DATA BLOCK:

···

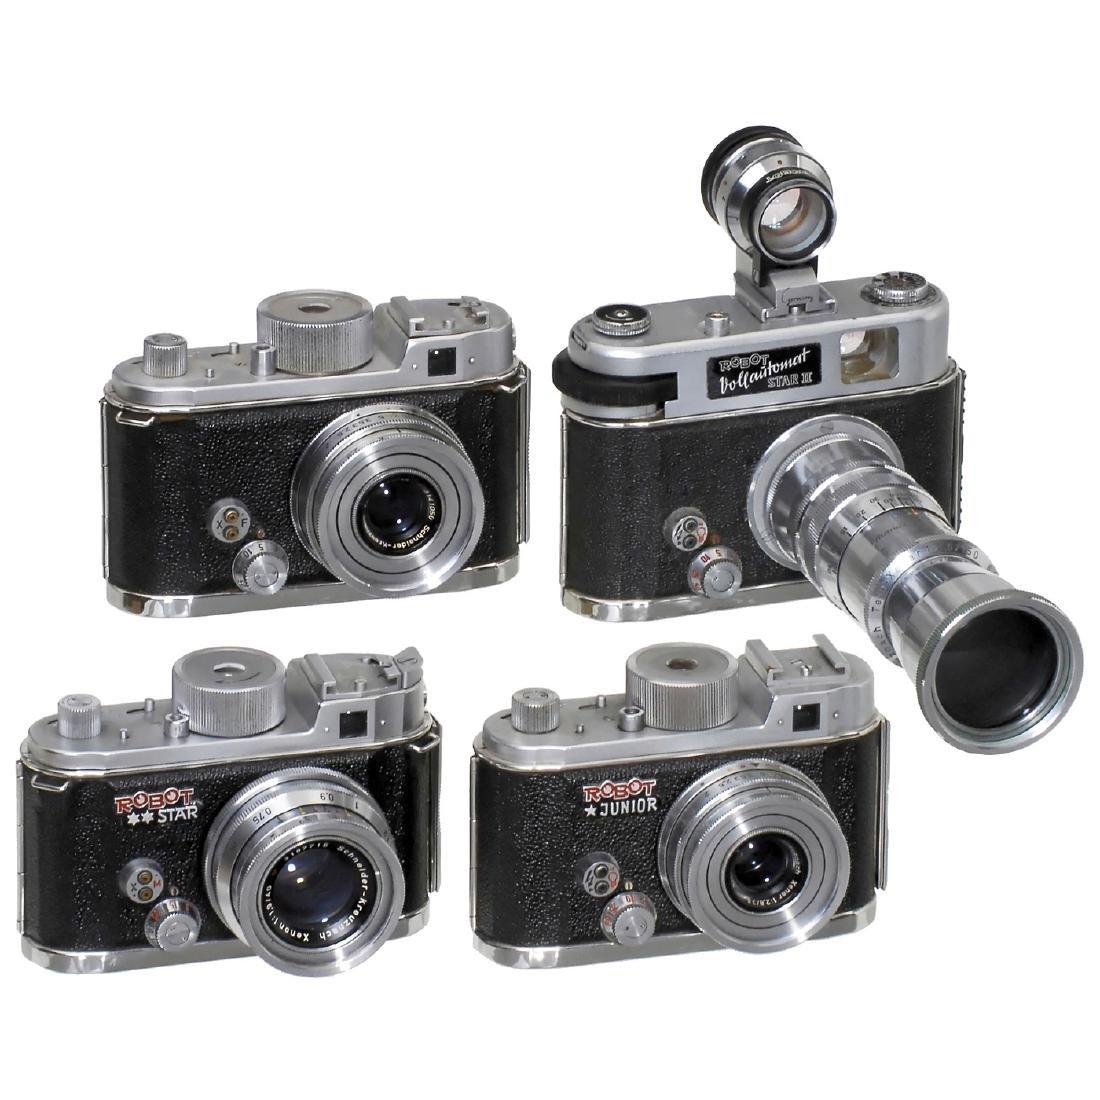 4 Robot Cameras (24 x 24 mm)
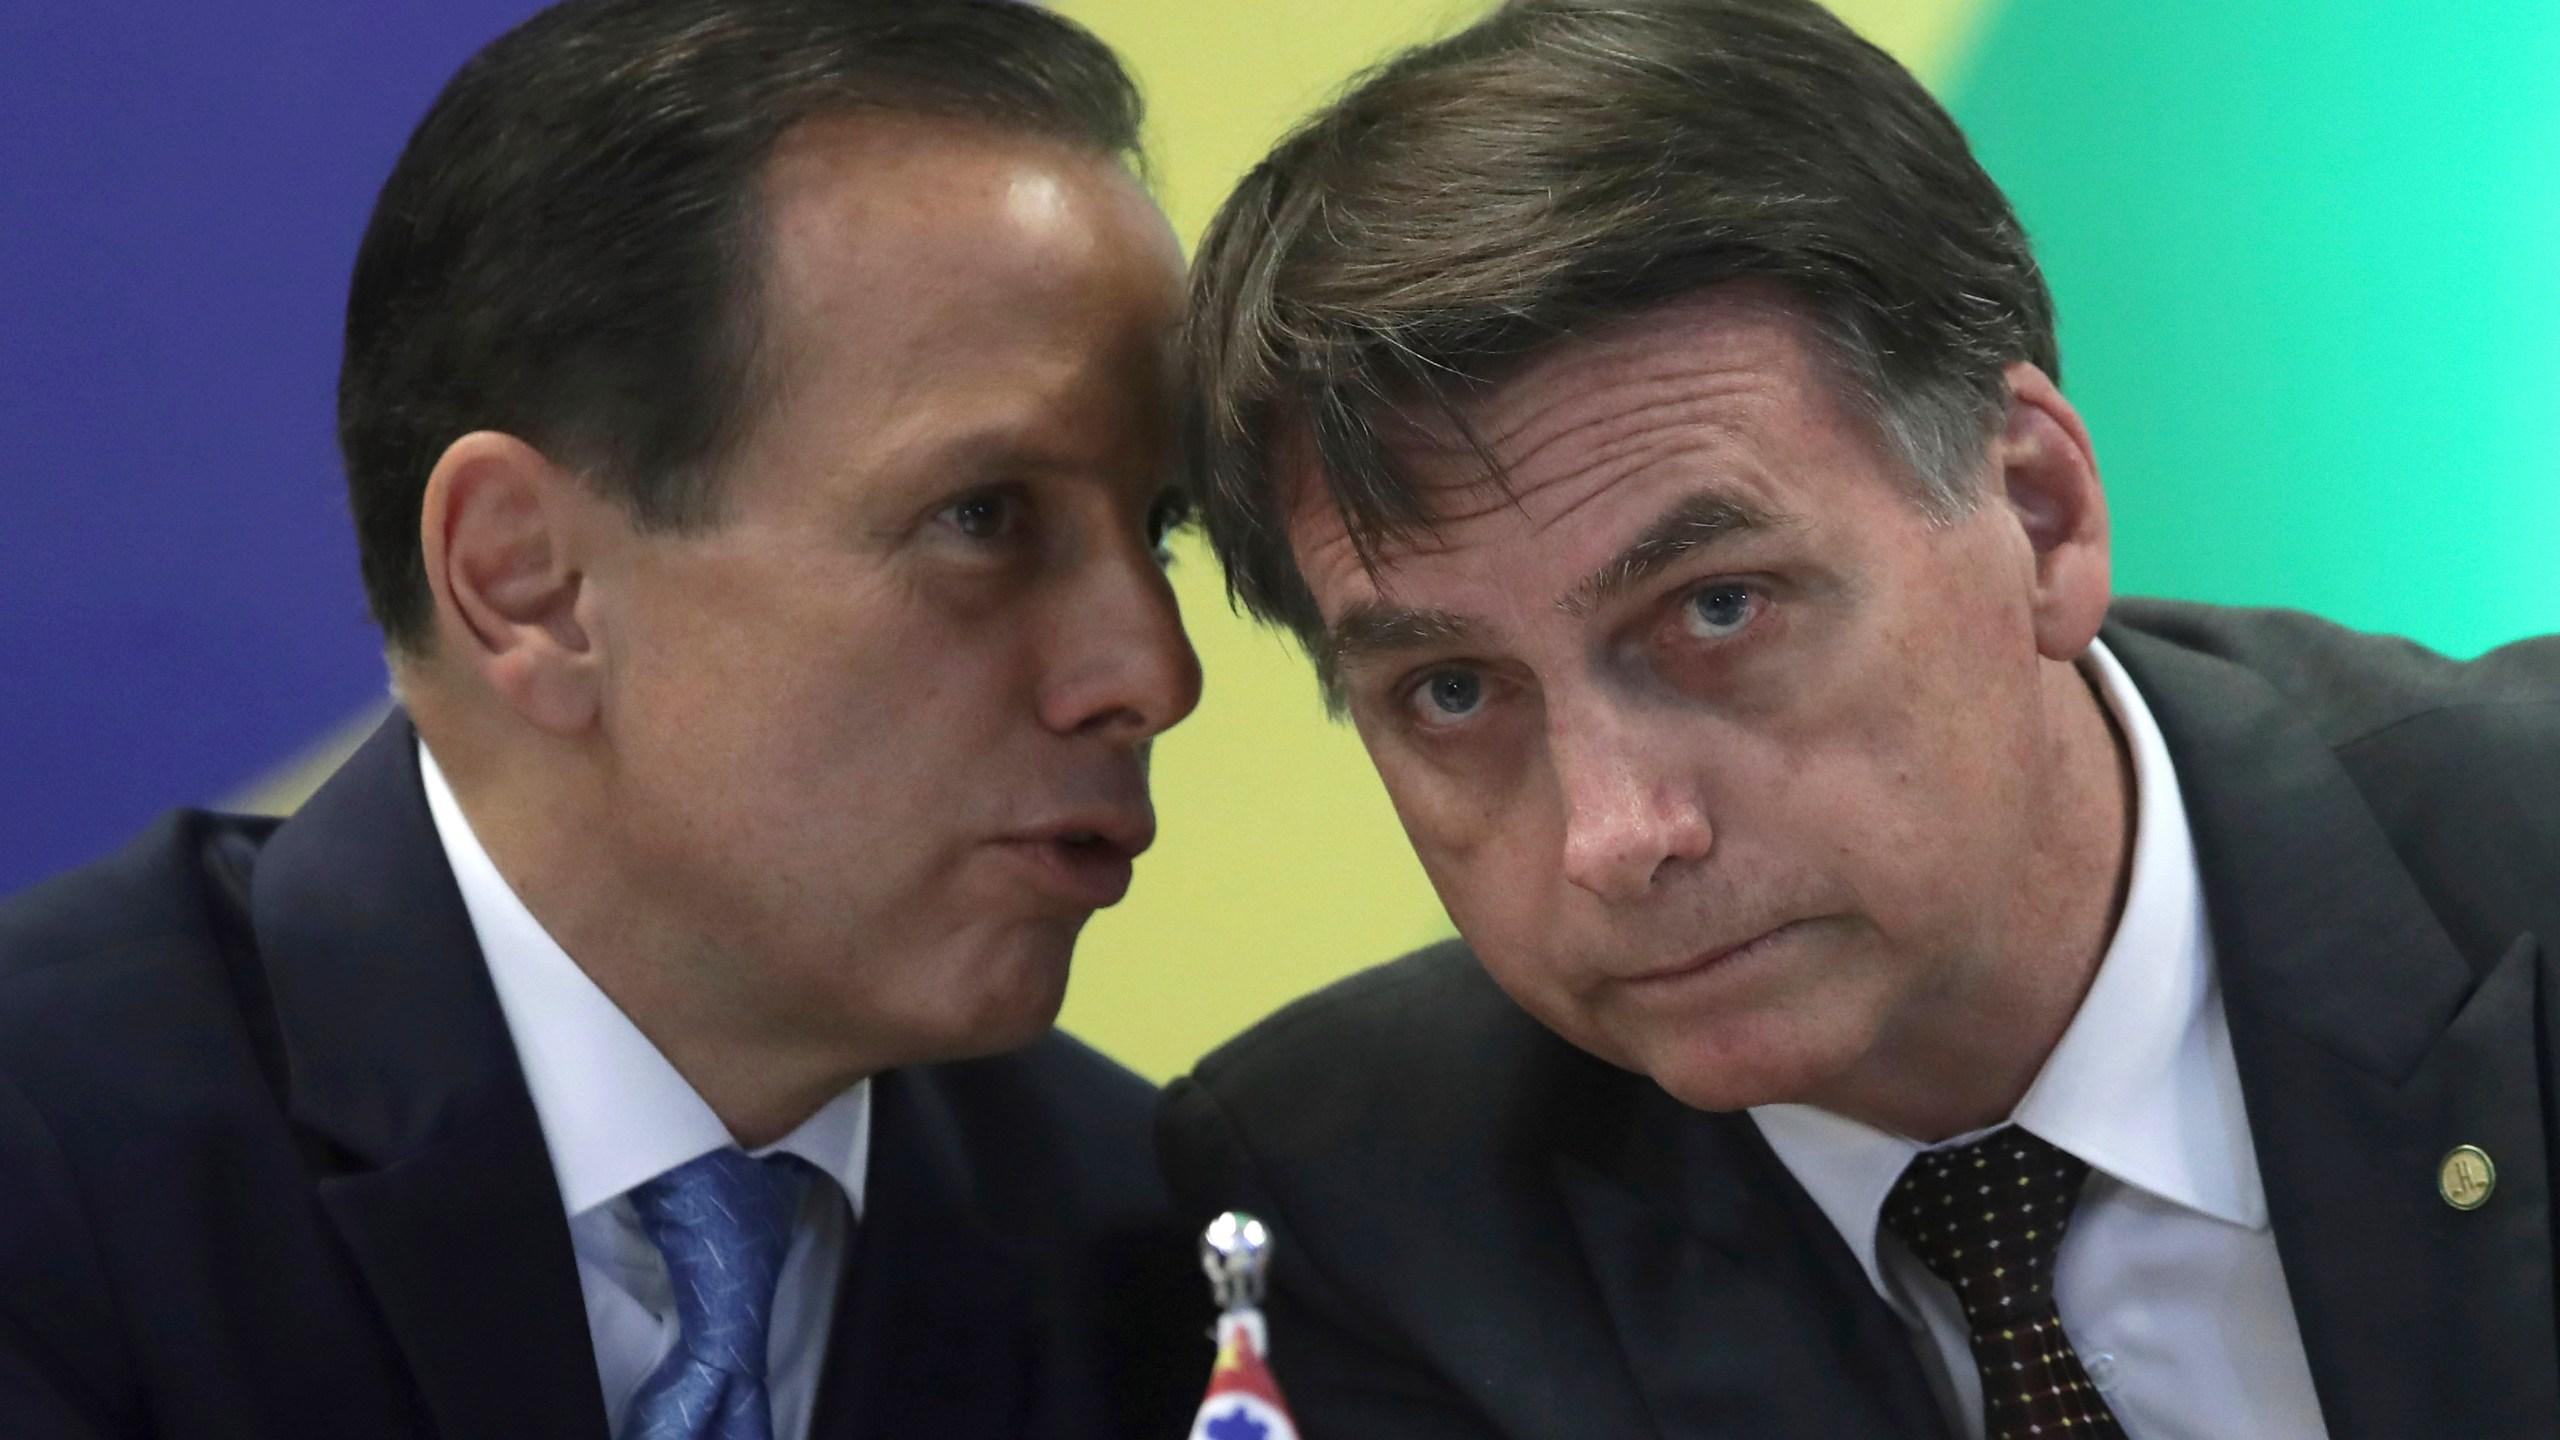 Jair Bolsonaro, Joao Doria
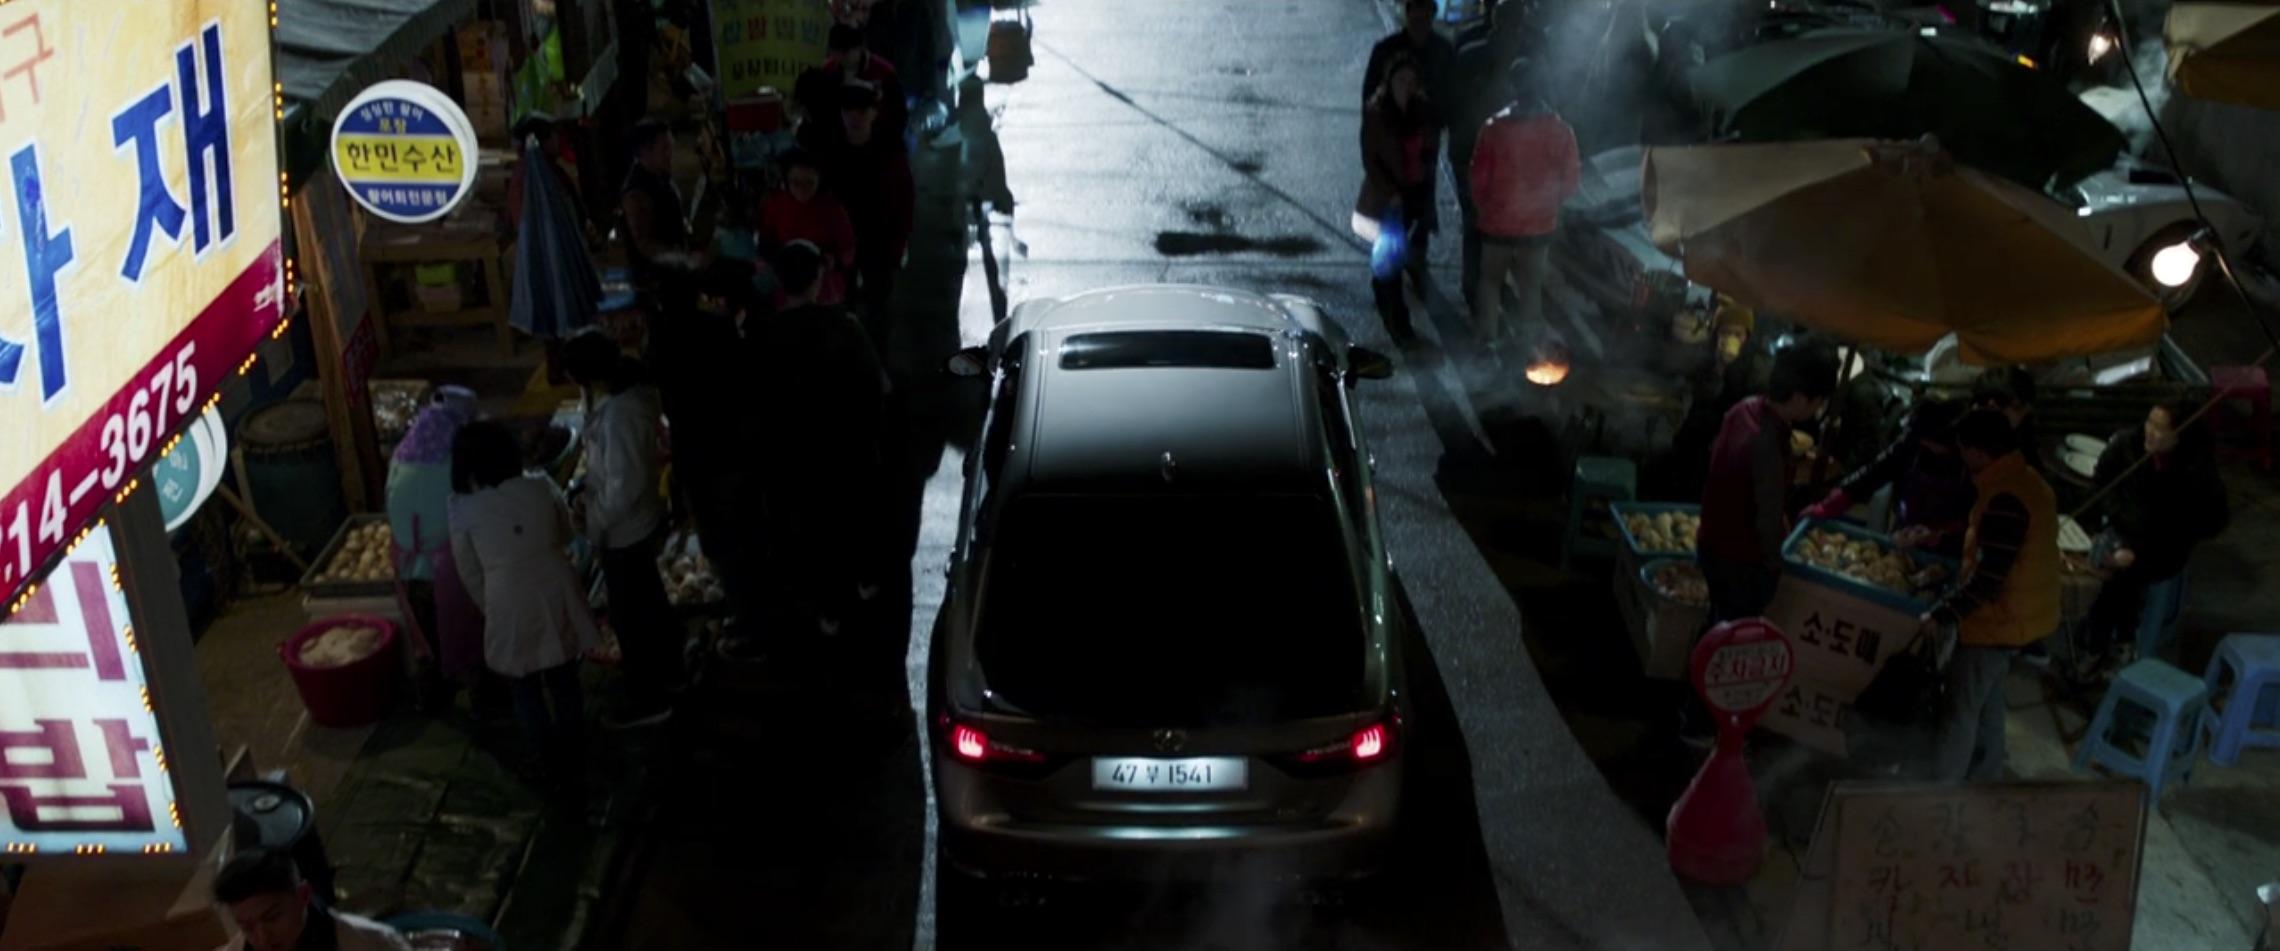 Marvel Black Panther korean street

···

DIRECTIONS FOR THIS TASK: The whole listing must come back verbatim, with no pictures included.

RESPONSE:
 4 Robot Cameras (24 x 24 mm)
 Jair Bolsonaro, Joao Doria
 Marvel Black Panther korean street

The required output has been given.